Unbeknownst to the doctor and at the Reverend's urging, Shanghai Lily prayed for the Captain's release. The next morning, Division Superintendent Albright (Claude King) of the British Legation arrived by train with Li Fung for the prisoner swap. When Lily protested that she loved the Captain, Chang threatened to blind him for his insolence, to force Lily to accompany him back to the palace. To insure Harvey's unharmed and safe release, Lily offered and sacrificed herself to the warlord, with her "word of honor" - and decided of her own "free will" to accompany Chang.

The wronged Hui Fei, angry over being raped earlier by the rebel leader, snuck into Chang's quarters and vengefully stabbed him to death in the back as he was packing. Hui Fei then informed Captain Harvey about the murder and told him to retrieve Lily. Harvey rescued Lily before Chang's body was discovered, and they were able to return to the train before its departure. Hui Fe fortuitously freed the Shanghai Express and all its captives to continue their journey - with arrival four hours late in Shanghai.

Upon their arrival, Hui Fei was to receive the $20,000 reward for Chang's demise, and Reverend Carmichael had commended Lily for her sacrifice. He tried to convince Captain Harvey of Lily's good and honorable intentions in offering herself to go with the warlord, since she had prayed all night for his release. However, he was initially doubtful and unconvinced.

In the conclusion, Captain Harvey and Shanghai Lily were reconciled to each other when he spied Lily buying him a new replacement watch in a train station shop. He finally relented, asked her to forgive him for his lack of faith in her, reaffirmed his faith in her, and asked for "another chance for a new start" - a rekindling of their relationship from the past:

'Doc': What good is a watch without you? (She attached the watch to his left wrist)
Shanghai Lily: I wish I could replace everything else, too. Goodbye, Donald.
'Doc': I'm not going to let you out of my life again, Magdalen, when everything else has become so unimportant.
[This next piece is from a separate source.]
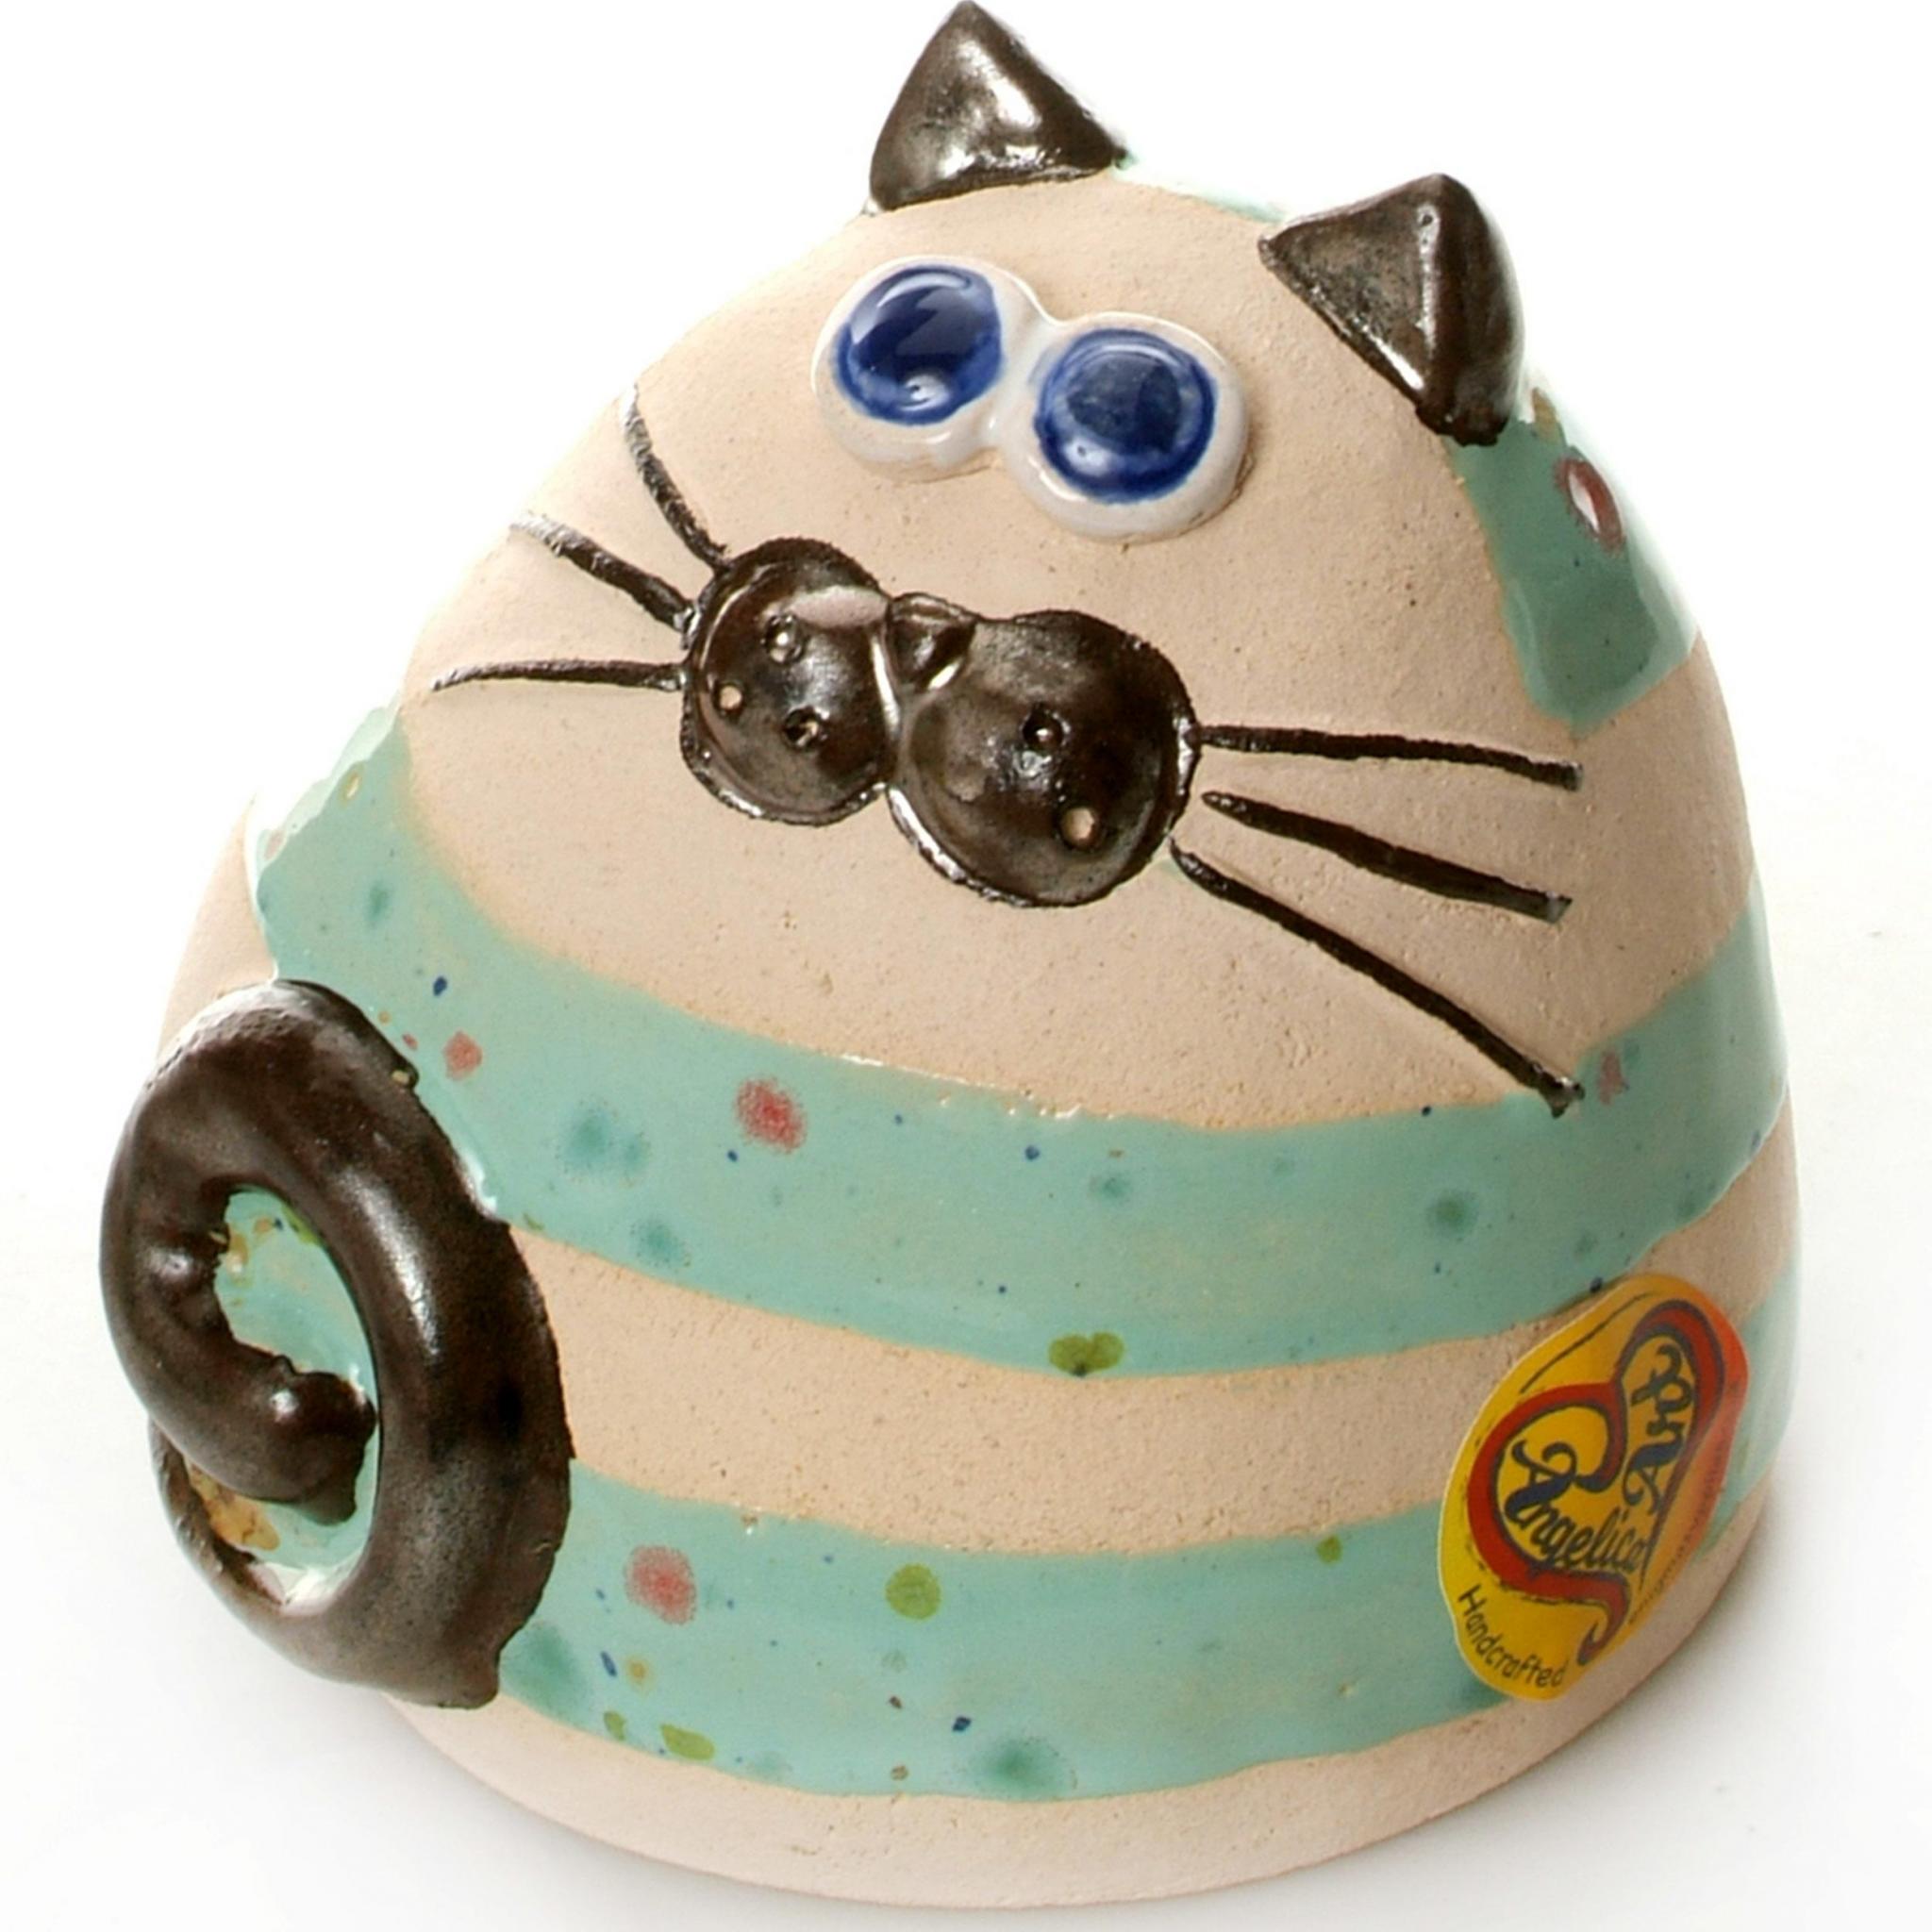 Ceramic cat ornaments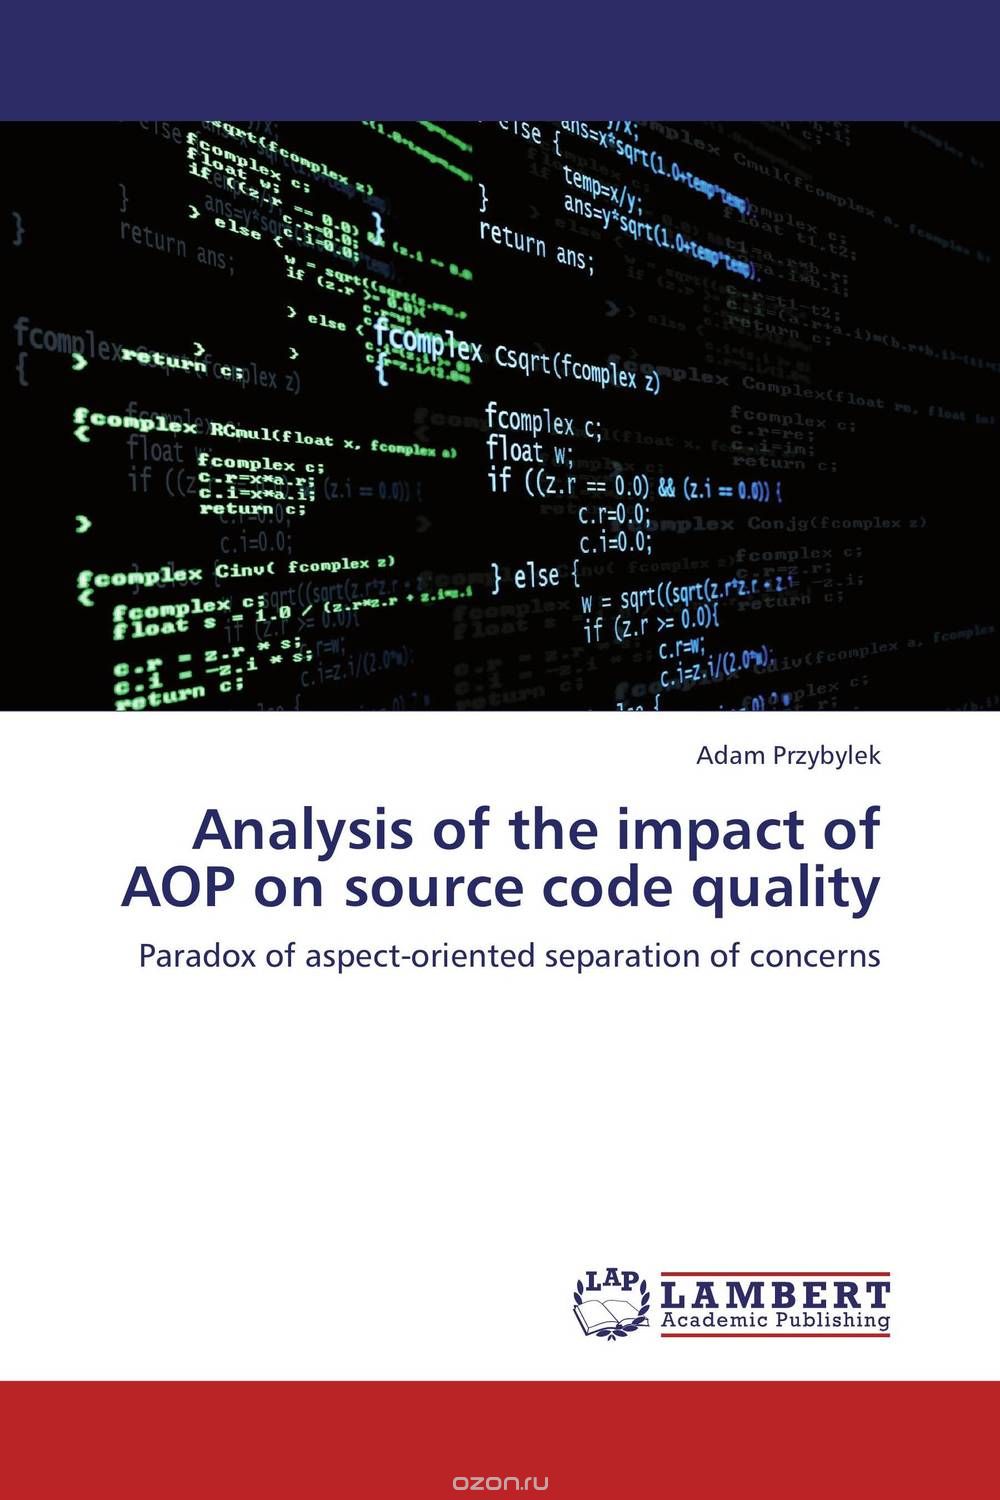 Скачать книгу "Analysis of the impact of AOP on source code quality"

I don't care if you were going to leave with him or not. I don't care in the least. All I want is another chance for a new start. I'll be different. You'll never have any cause for regret. Please forgive me for my lack of faith. Please do. I know I've no right to ask you even to listen to me.
Shanghai Lily: It's very easy to listen to you, Donald. You know I love you. I always have and I always will.
'Doc': I don't deserve that. I know I behaved badly.
Shanghai Lily: Perhaps it was my fault. I should have told you everything.
'Doc': There's only one thing I want you to tell me, Magdalen.
Shanghai Lily: What's that?
'Doc': How in the name of Confucius can I kiss you with all these people around?
Shanghai Lily: But, Donald, there's no one here but you and I. Besides, many lovers come to railroad stations to kiss without attracting attention.

The film ended on their curtain-closing embrace and kiss on the crowded Shanghai station platform - he looked around, then assisted her in putting her arms around him.